INDIANAPOLIS – A new therapy has received fast-track approval for treatment of advanced stomach cancer.
The Food and Drug Administration has approved Cyramza (ramucirumab) to treat patients with gastroesophageal junction adenocarcinoma. Cyramza, marketed by Eli Lilly of Indianapolis, is an angiogenesis inhibitor that blocks the blood supply to tumors.

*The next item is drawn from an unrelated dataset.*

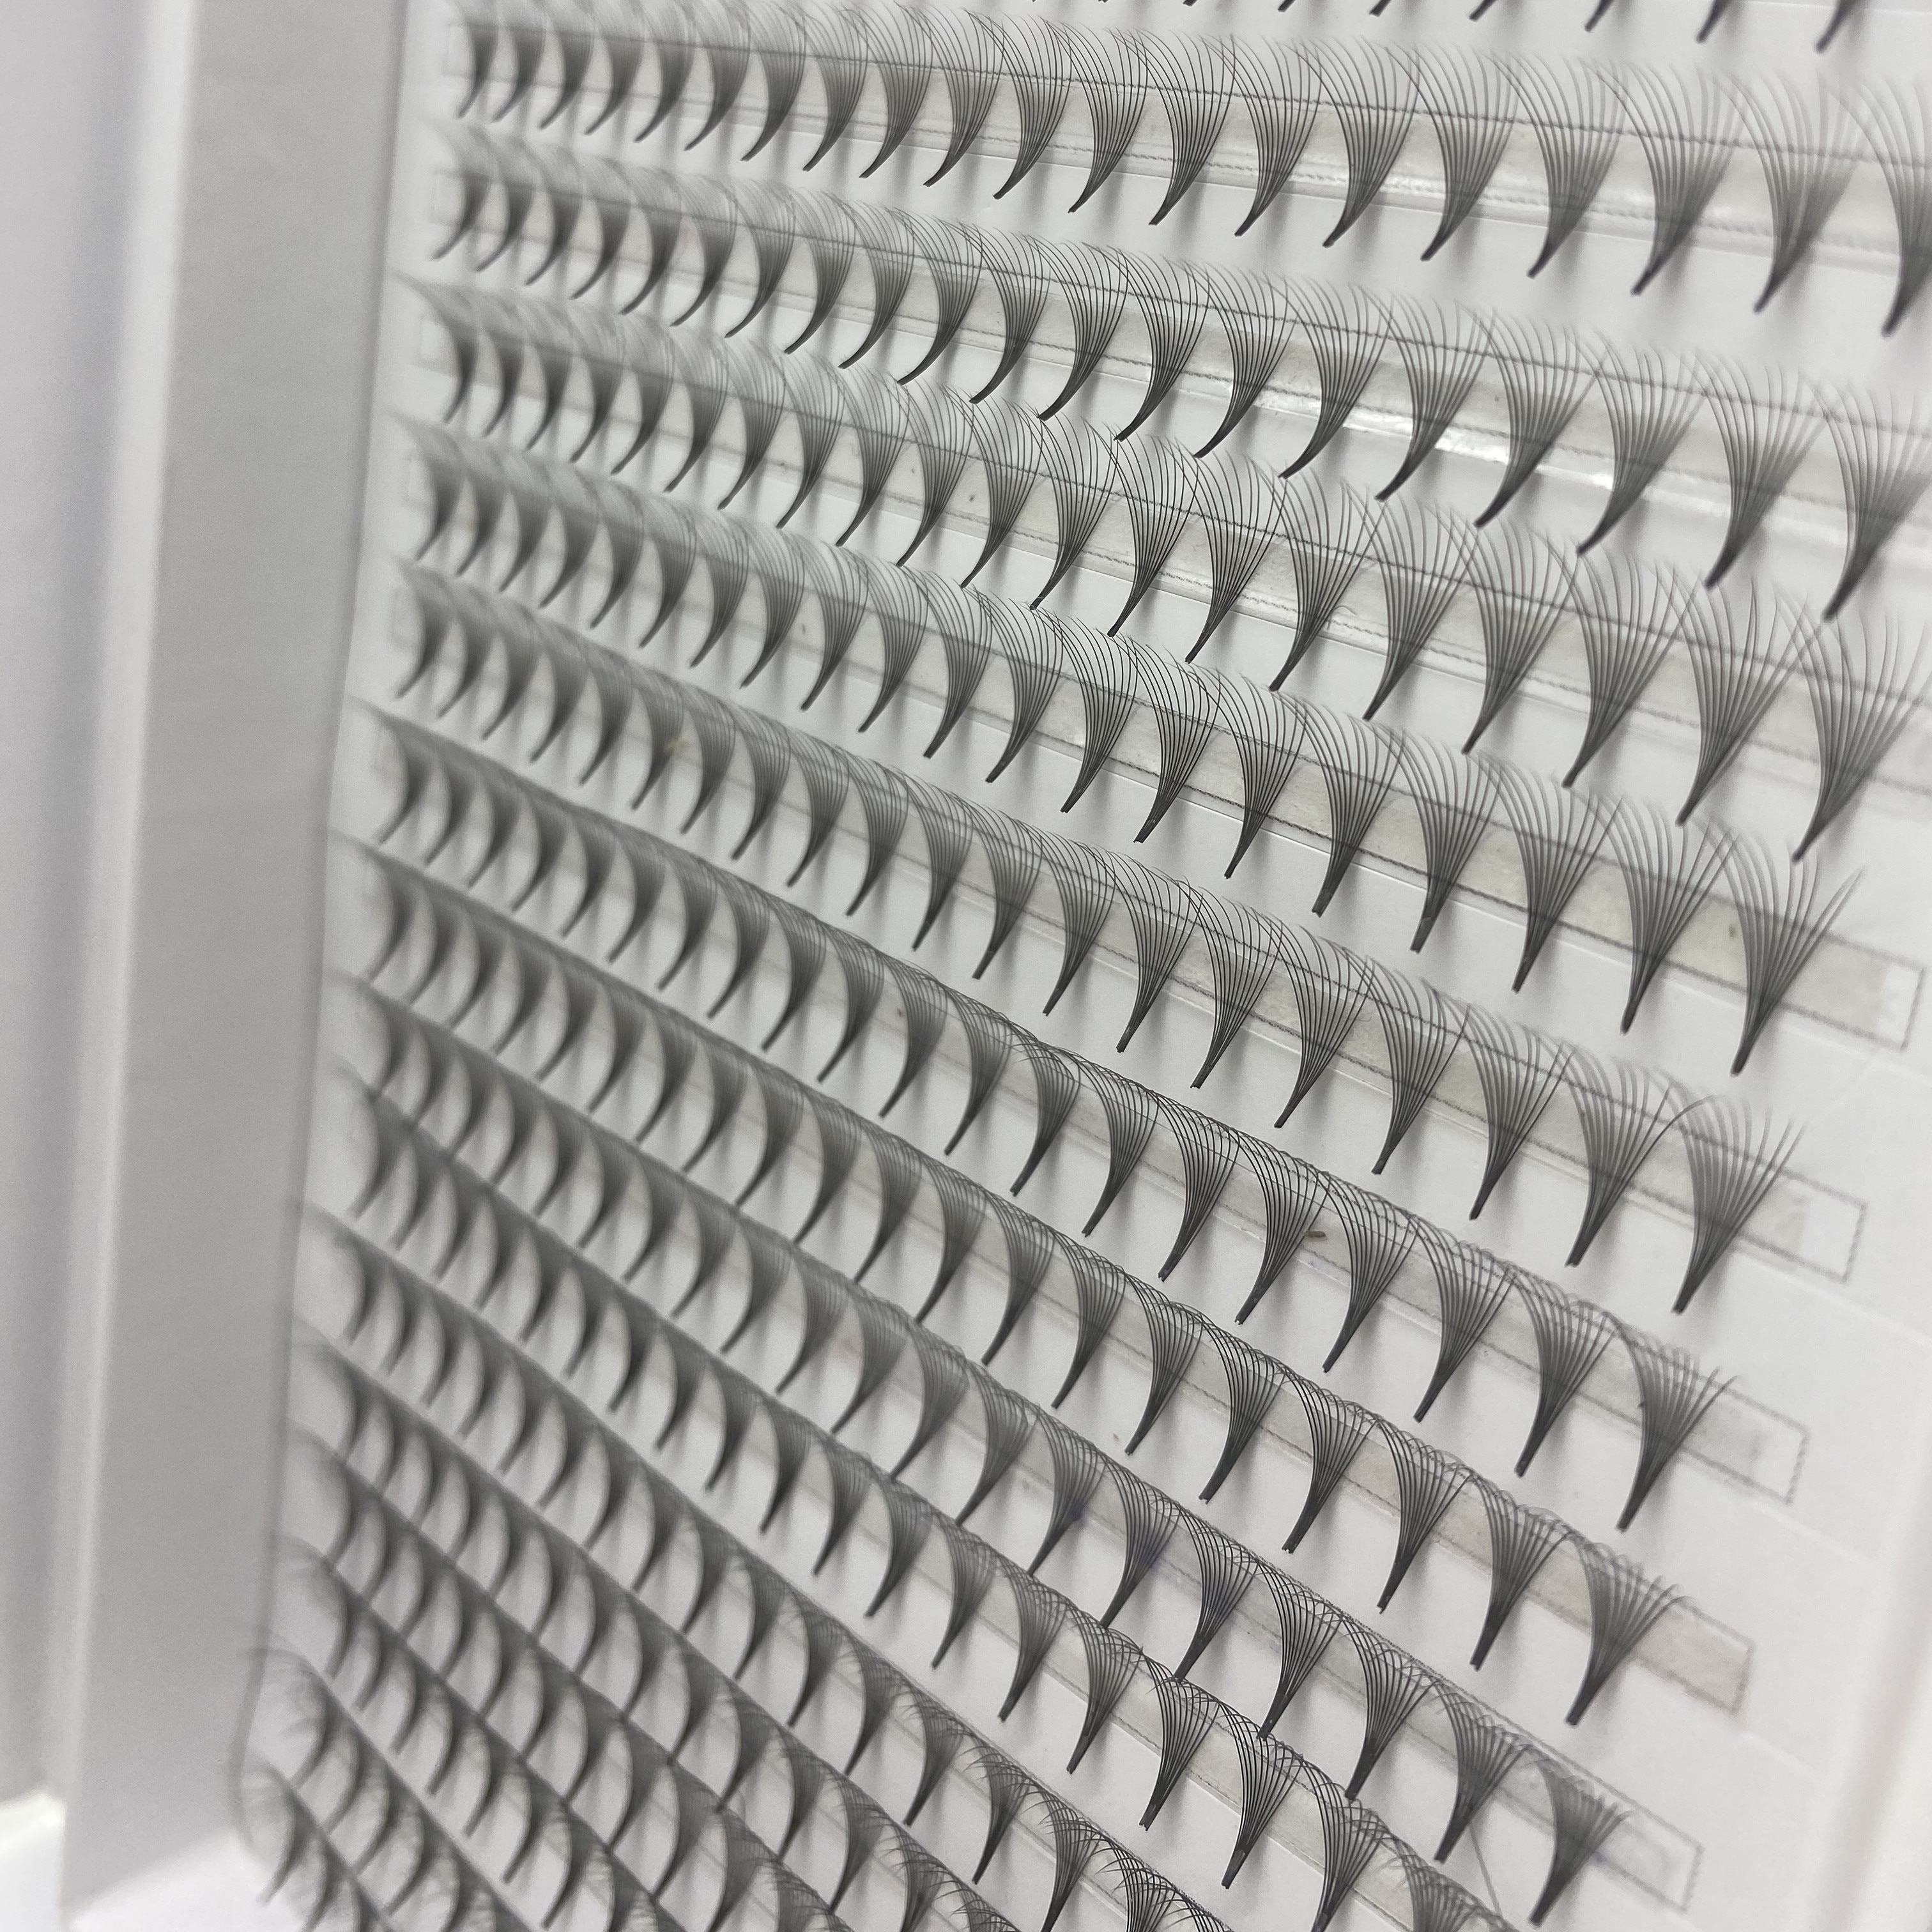 400 fans 20 lines mix length Premade Russian Volume Fans 10D Premade Eyelash Extensions Supplies  customizable label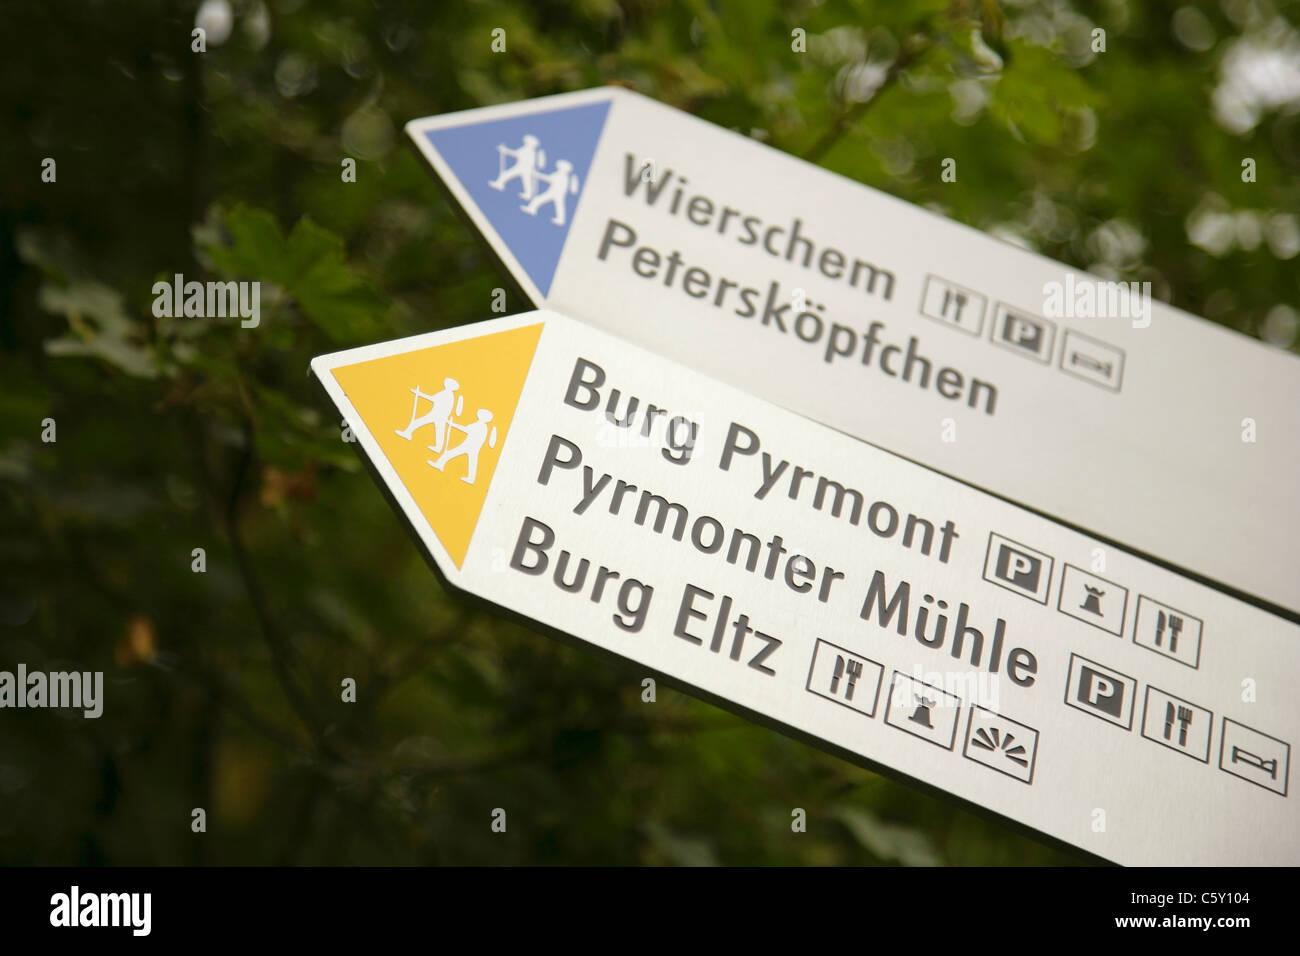 Sign on footpath leading to Burg Eltz castle, Rheinland-Pfalz, Germany. - Stock Image

It is intended for patients with unresectable cancer or metastatic cancer after being treated with a fluoropyrimidine- or platinum-containing therapy.
“Although the rates of stomach cancer in the United States have decreased over the past 40 years, patients require new treatment options, particularly when they no longer respond to other therapies,” said Richard Pazdur, MD, director of the Office of Hematology and Oncology Products in the FDA’s Center for Drug Evaluation and Research. “Cyramza is new treatment option that has demonstrated an ability to extend patients’ lives and slow tumor growth.”
Cyramza’s safety and effectiveness were evaluated in a clinical trial of 355 participants with unresectable or metastatic stomach or gastroesophageal junction cancer. Results indicated that participants treated with Cyramza had a median overall survival of 5.2 months compared to 3.8 months in participants receiving placebo. Additionally, participants who took Cyramza experienced a delay in tumor growth compared to participants who were given placebo. Results from a second clinical trial that evaluated the efficacy of Cyramza plus paclitaxel vs. paclitaxel alone also showed an improvement in overall survival.
Diarrhea and high blood pressure were common side effects experienced by Cyramza-treated participants during clinical testing.
The FDA reviewed Cyramza under its priority review program, which provides an expedited review for drugs that have the potential, at the time the application was submitted, to be a significant improvement in safety or effectiveness in the treatment of a serious condition. Cyramza was also granted orphan product designation because it is intended to treat a rare disease or condition.